• **Work instruction**: Skip any pictures. Repeat the data exactly, from its first line through the line that holds "orlando restaurant news: Gino's", both included.

• **Collected data**:
┌────────
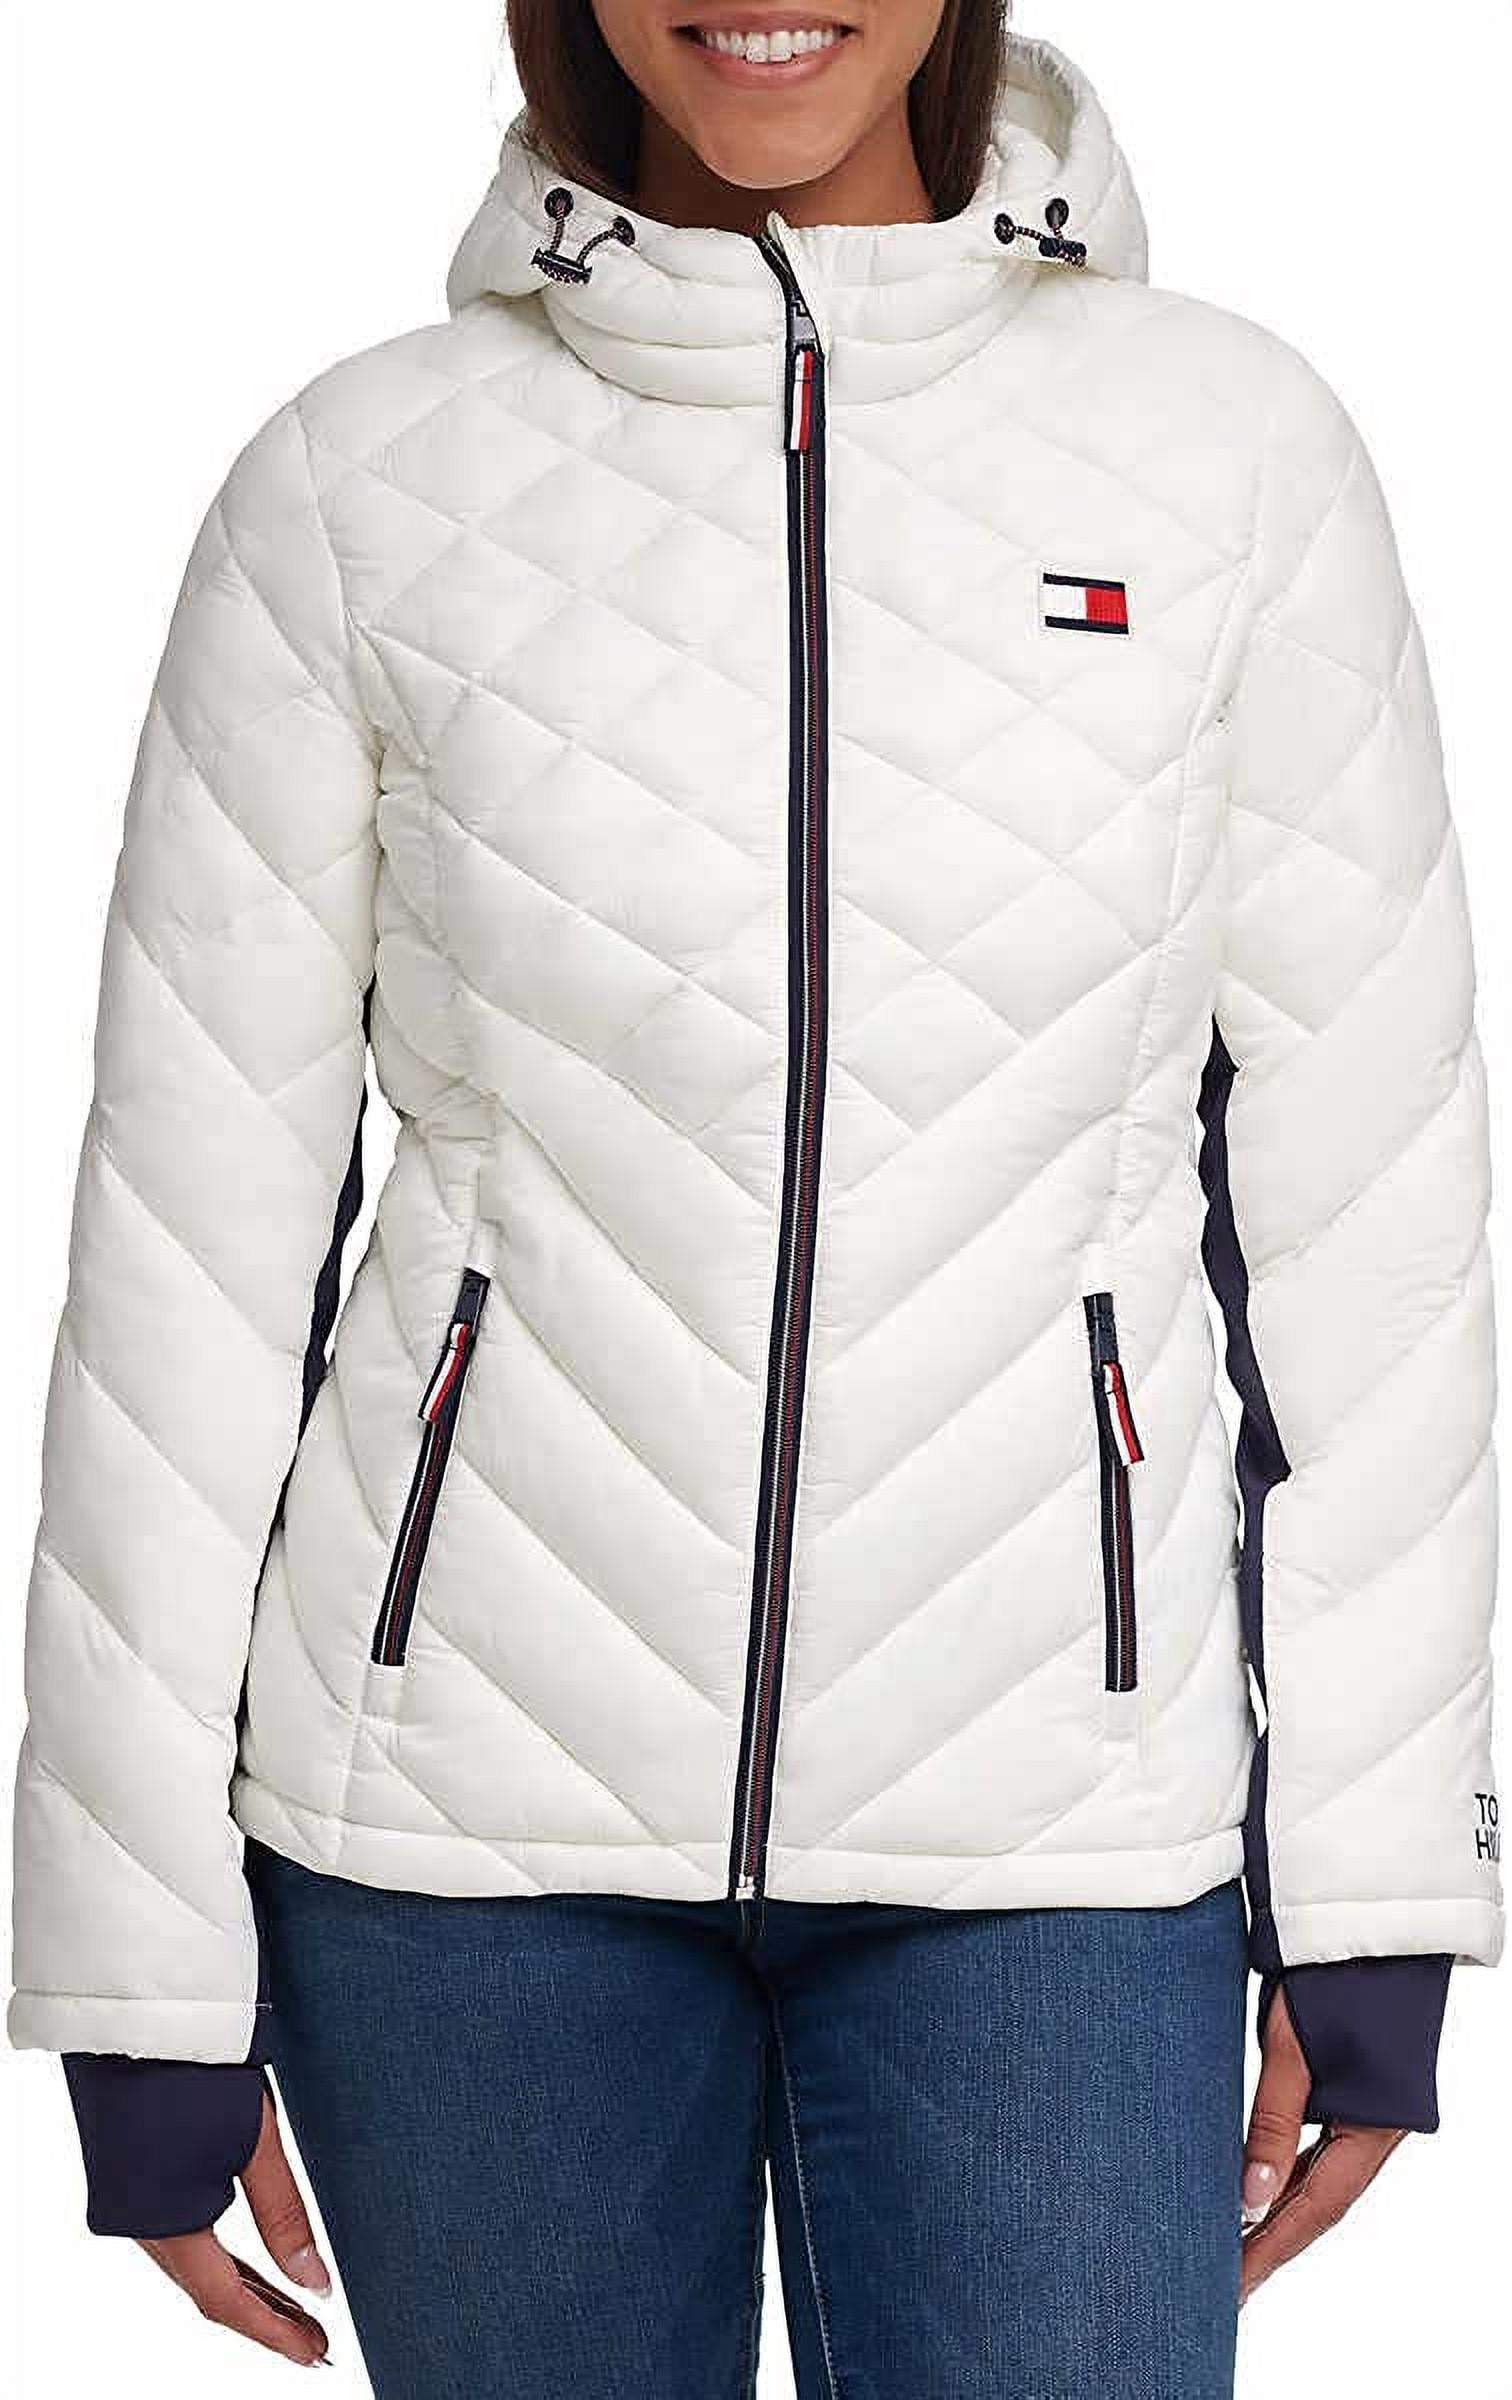 Tommy Hilfiger Womens Packable Hooded Puffer Jacket(White,XL)
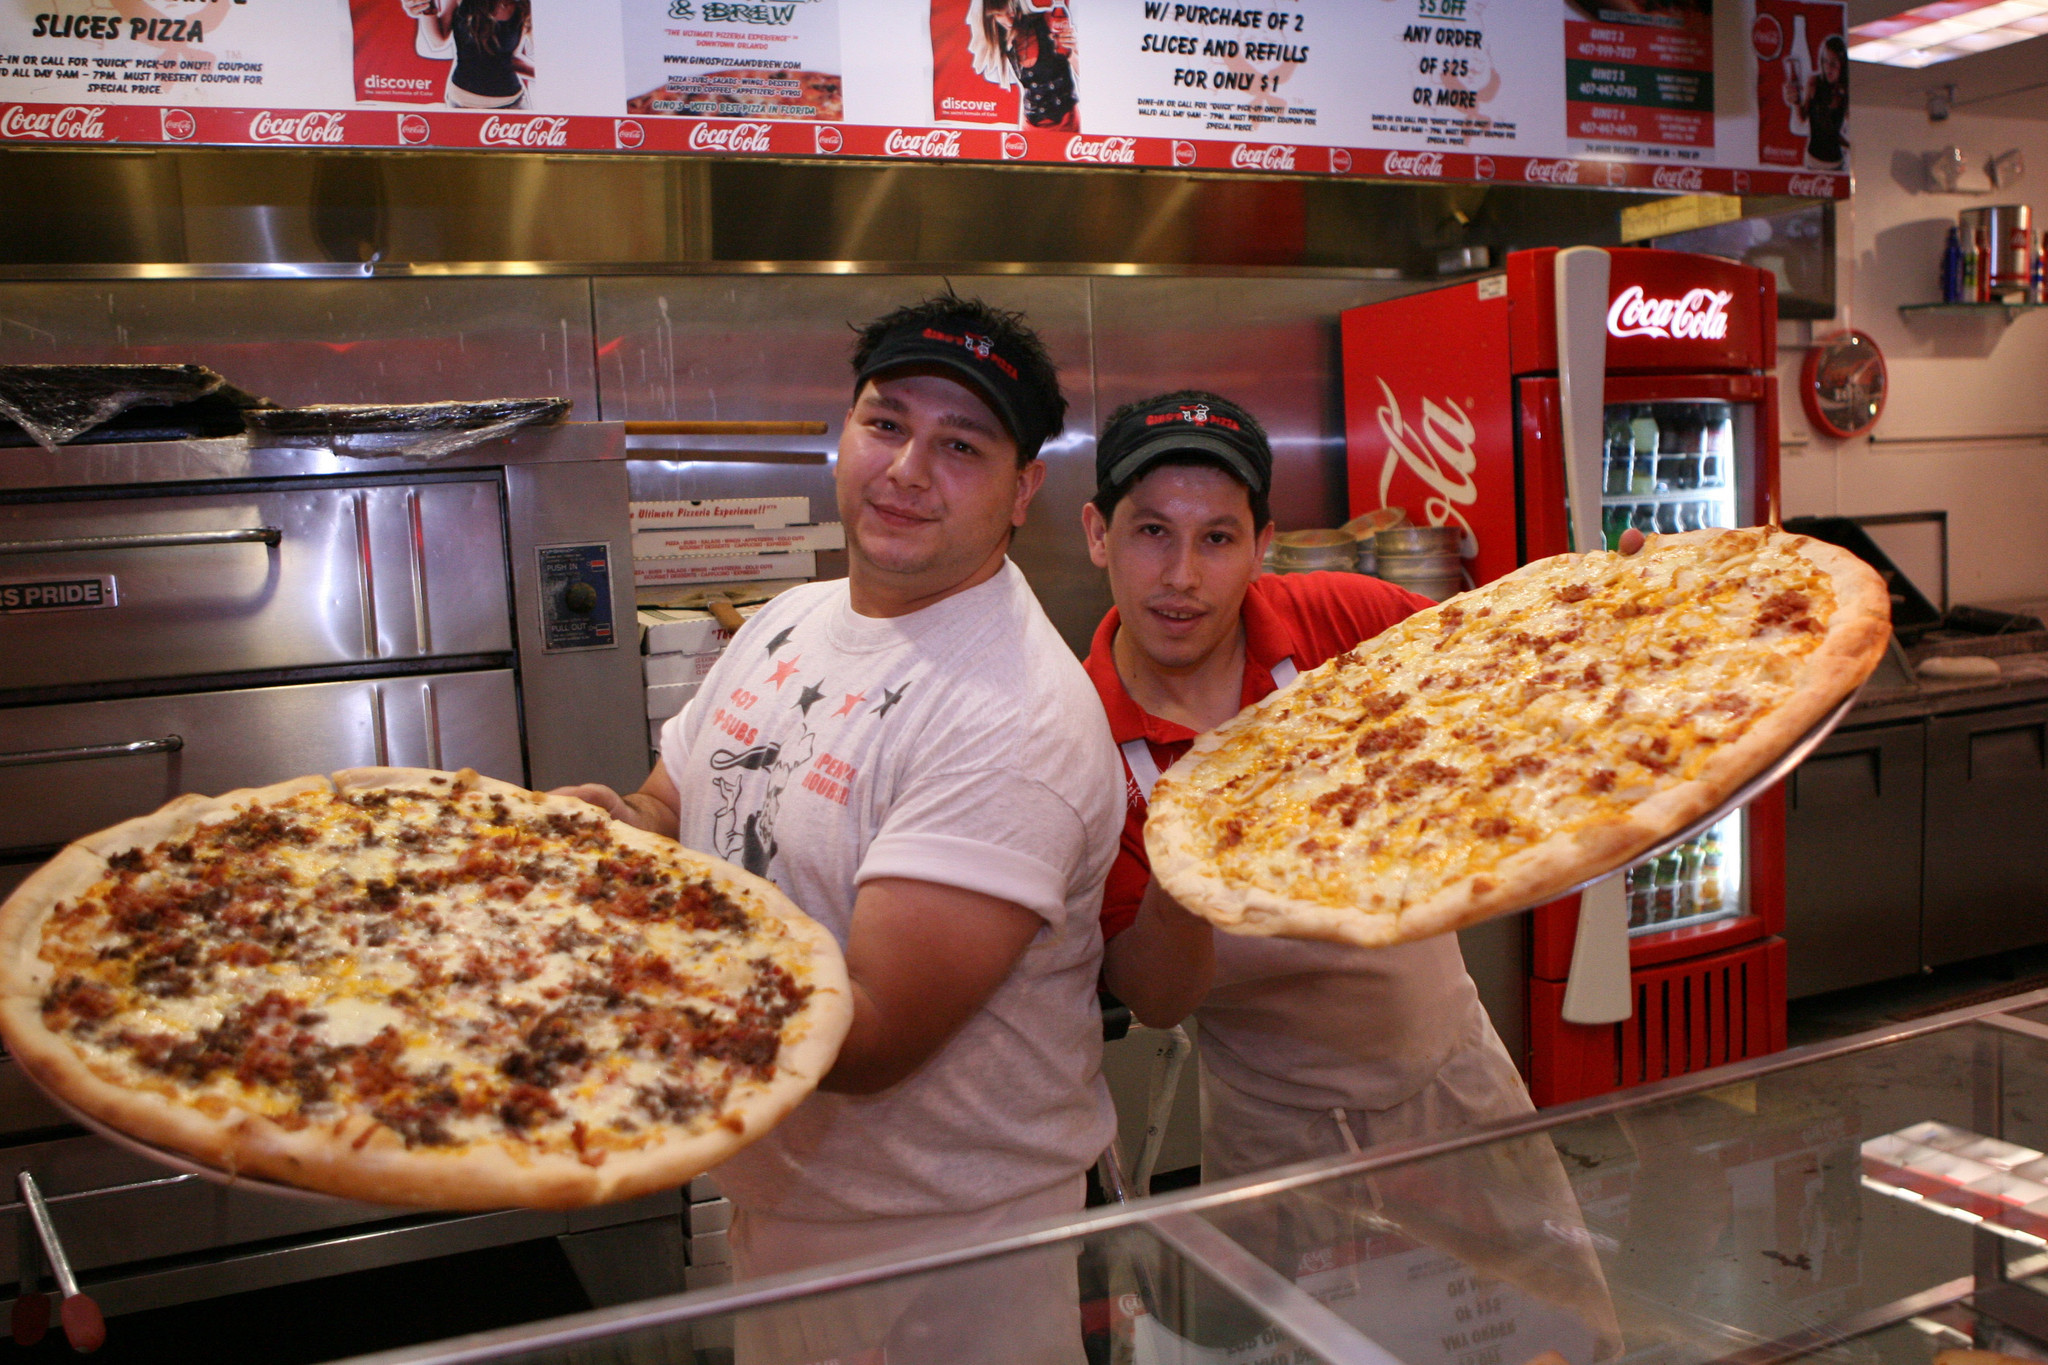 orlando restaurant news: Gino's Pizza & Brew closing after more than 15 years in downtown ...
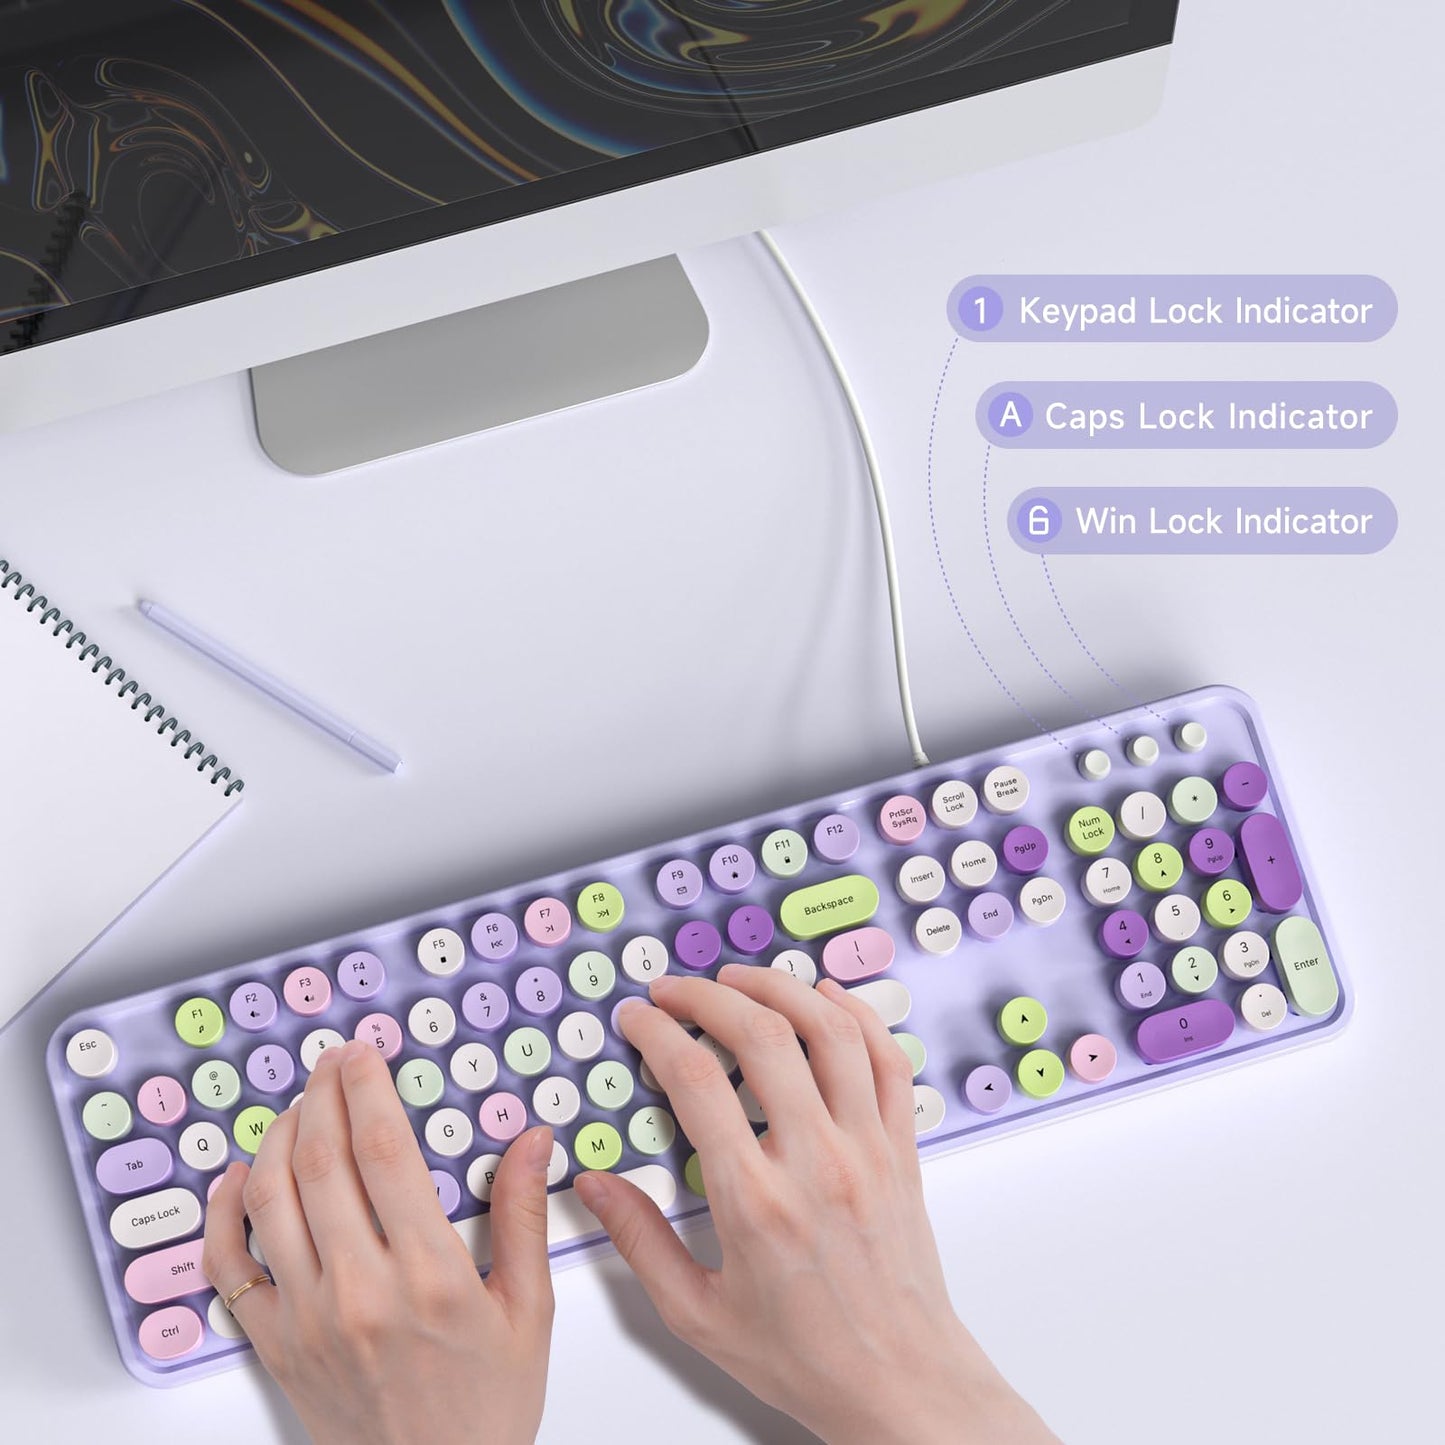 MOWUX Computer Keyboard Wired, Plug and Play USB Retro Round Typewriter Keyboard, Full Size Wired Keyboard with Foldable Stands for Laptop and Office PC- Purple Colorful
└────────
• **Response for this exercise**:
 Tommy Hilfiger Womens Packable Hooded Puffer Jacket(White,XL)
 orlando restaurant news: Gino's Pizza & Brew closing after more than 15 years in downtown ...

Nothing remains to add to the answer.